• [EXERCISE AIM]: You are asked to copy the entire listing exactly, apart from its pictures.

START SOURCE DATA

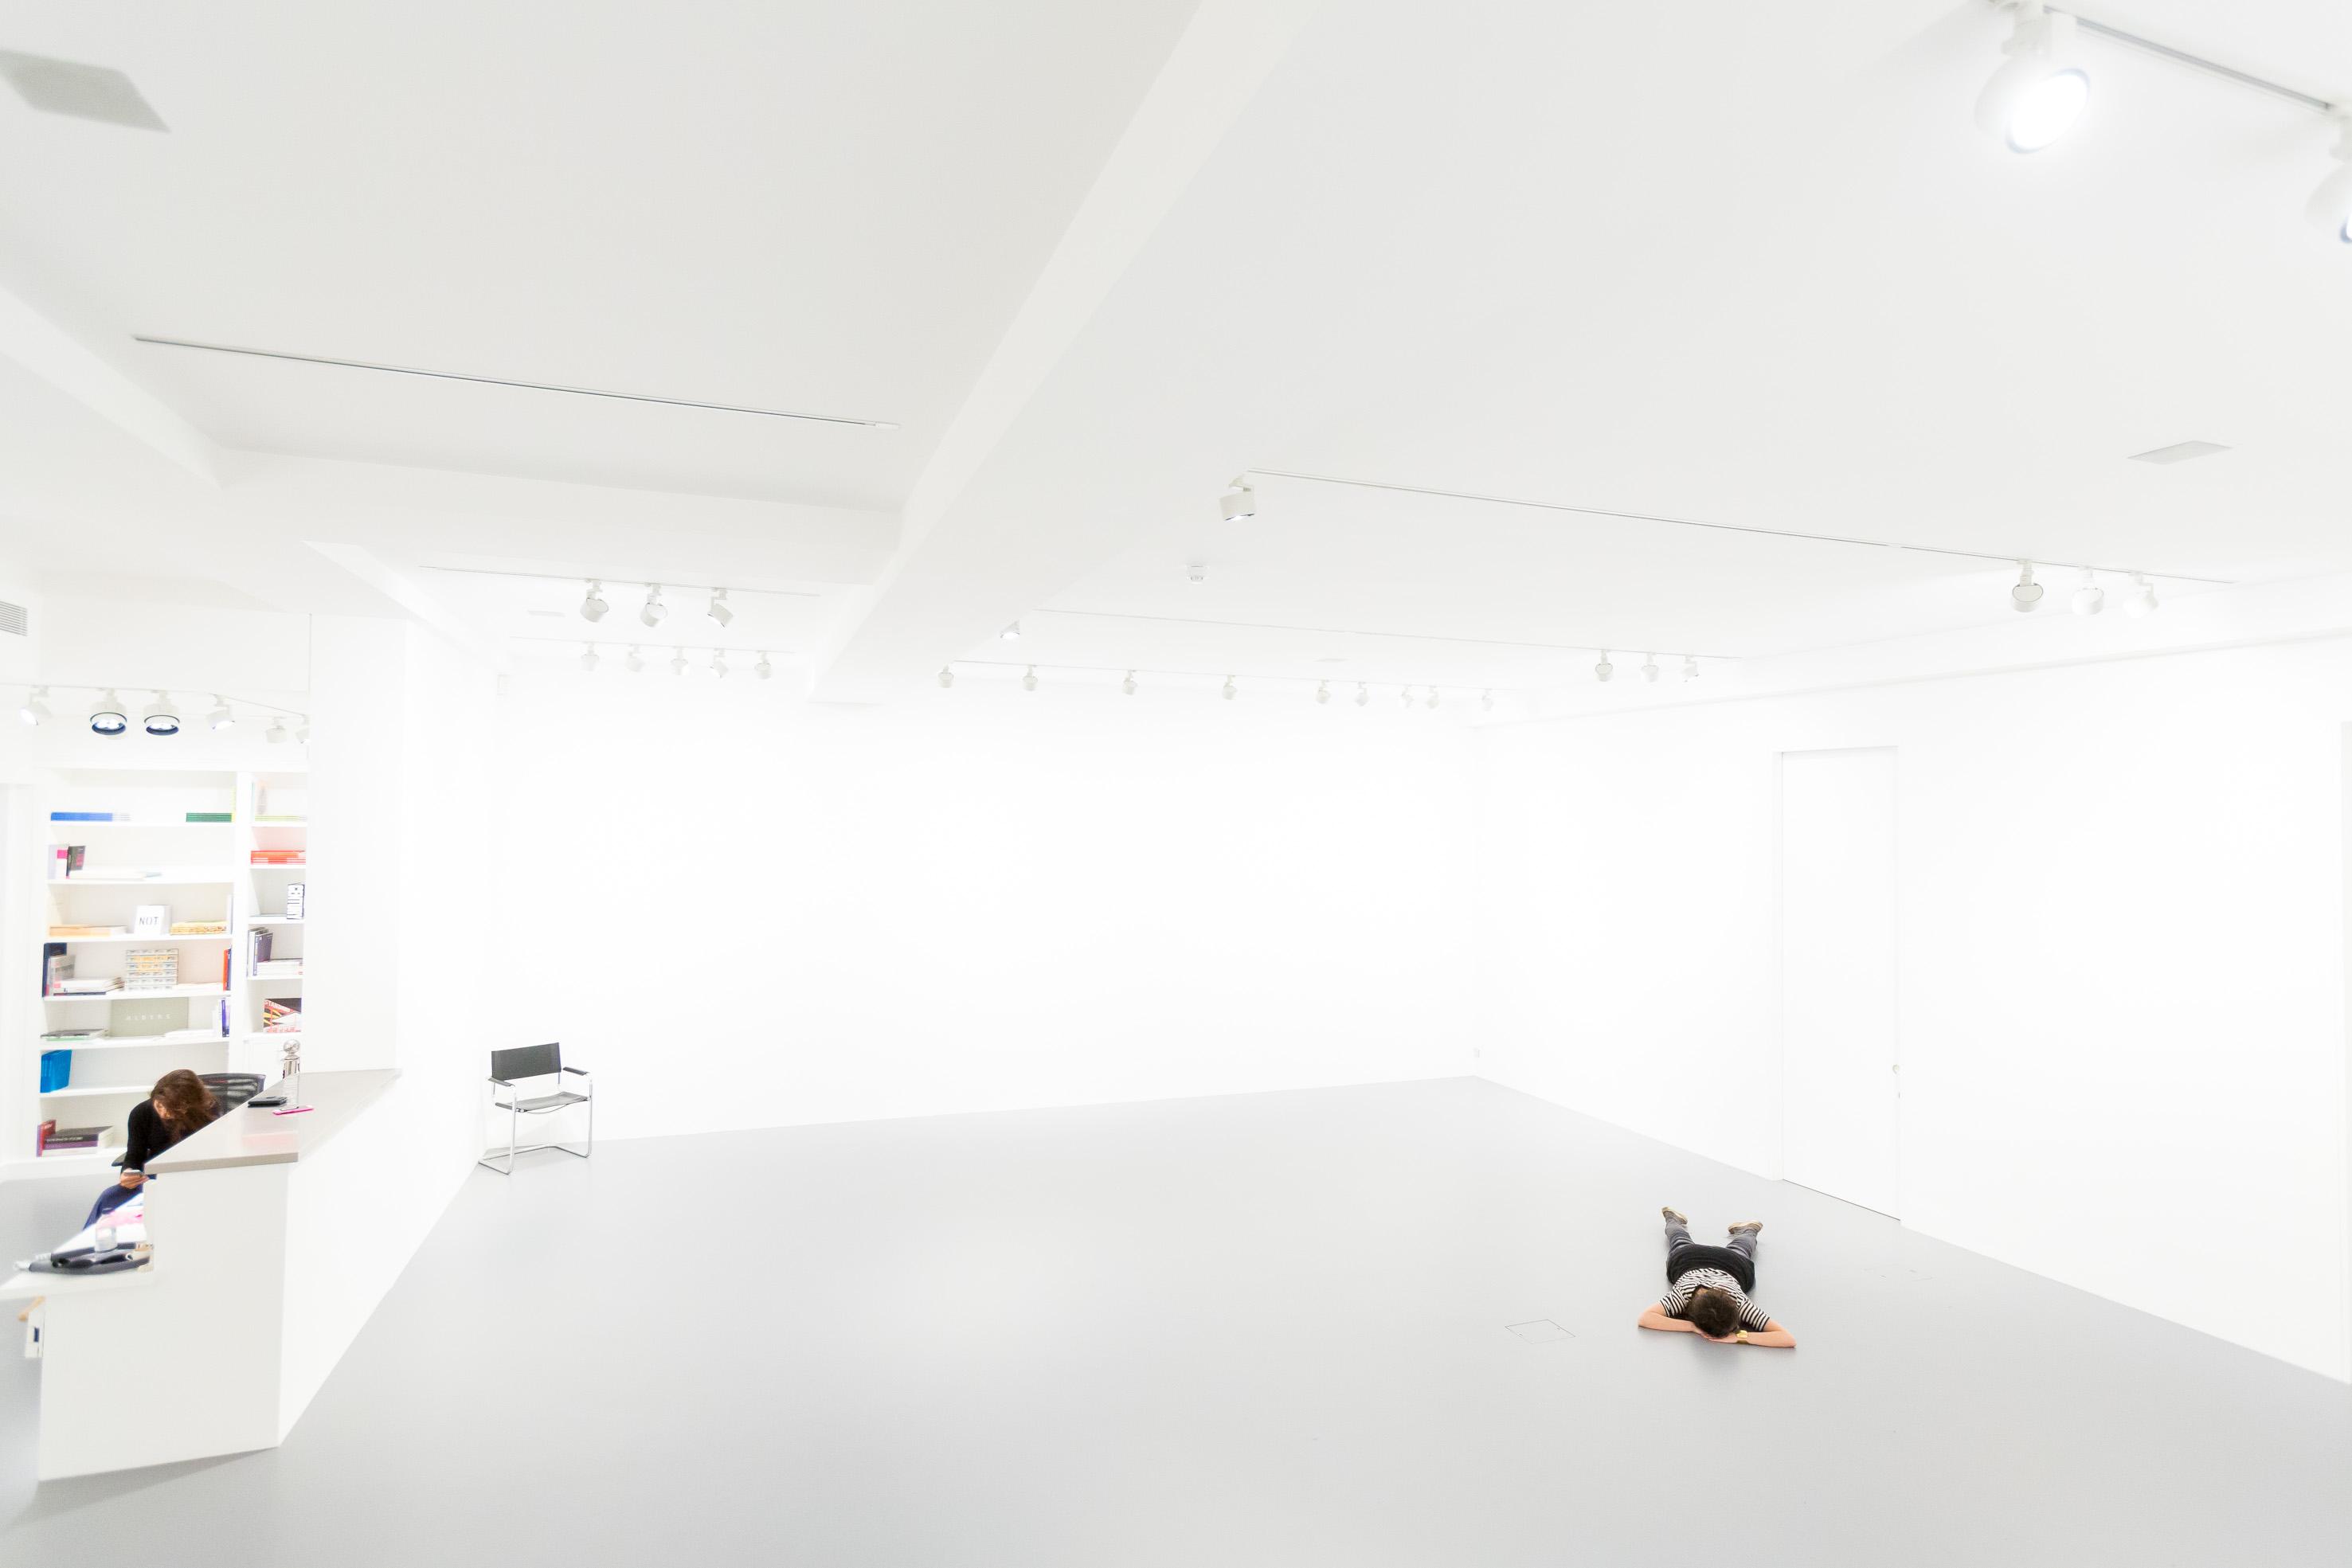 Lo spazio di Nahmad Projects a Londra durante la mostra I AM NOT di Tino Sehgal
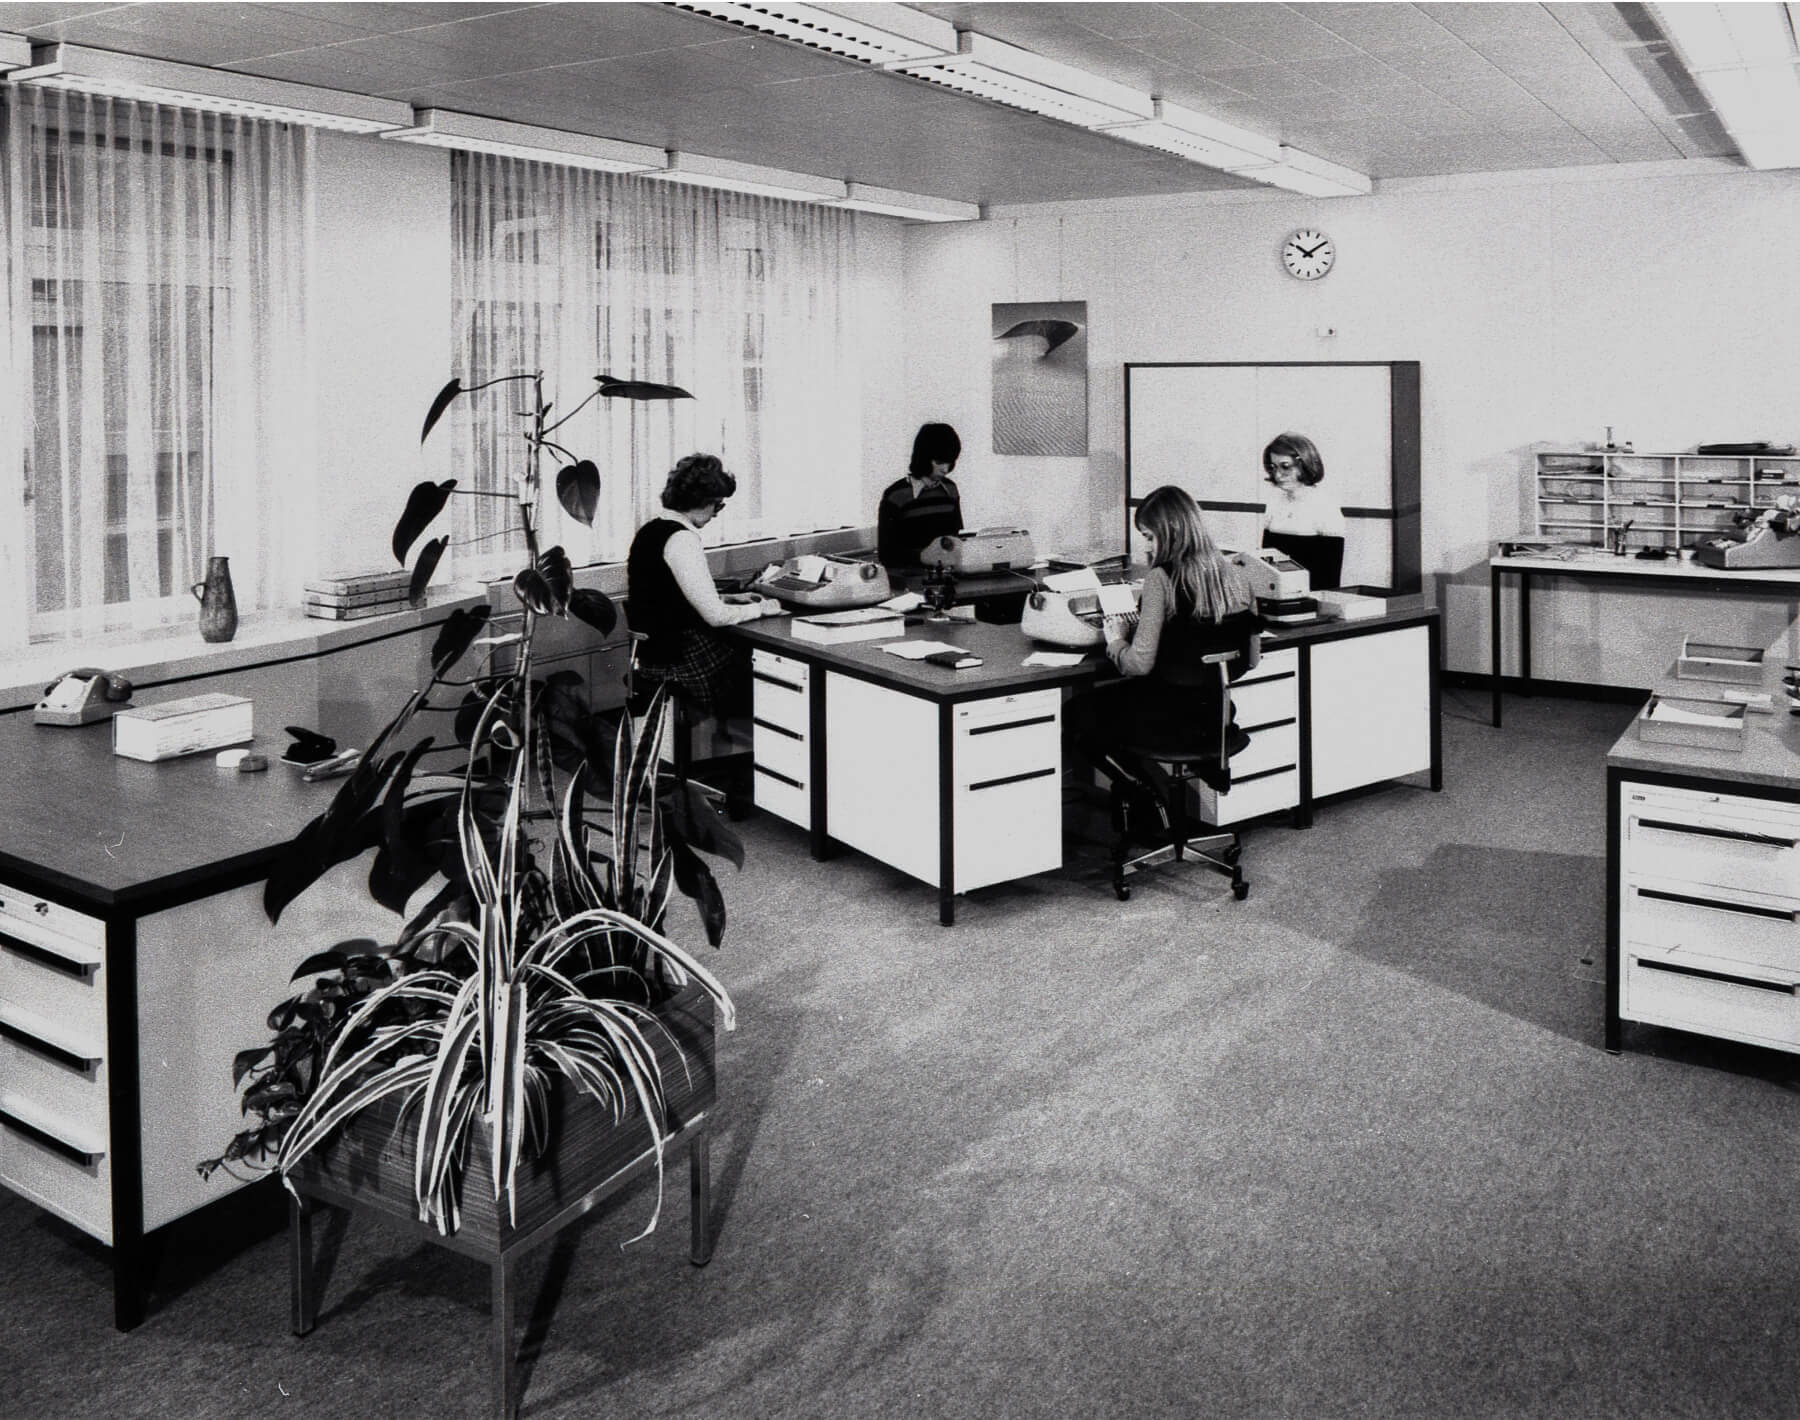 Office in 1970s
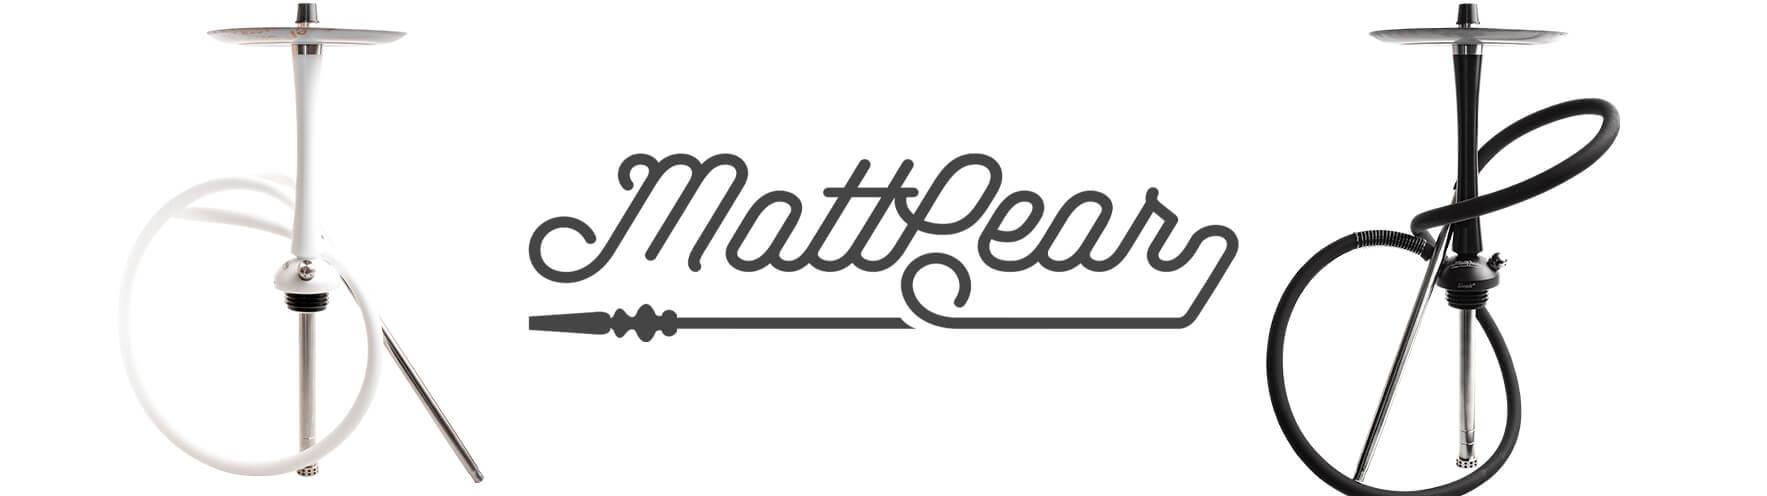 Кальяны MattPear по оптовым ценам на официальном сайте - ilfumo

END SOURCE DATA

• [ANSWER AREA]:
 Lo spazio di Nahmad Projects a Londra durante la mostra I AM NOT di Tino Sehgal
 Office in 1970s
 Кальяны MattPear по оптовым ценам на официальном сайте - ilfumo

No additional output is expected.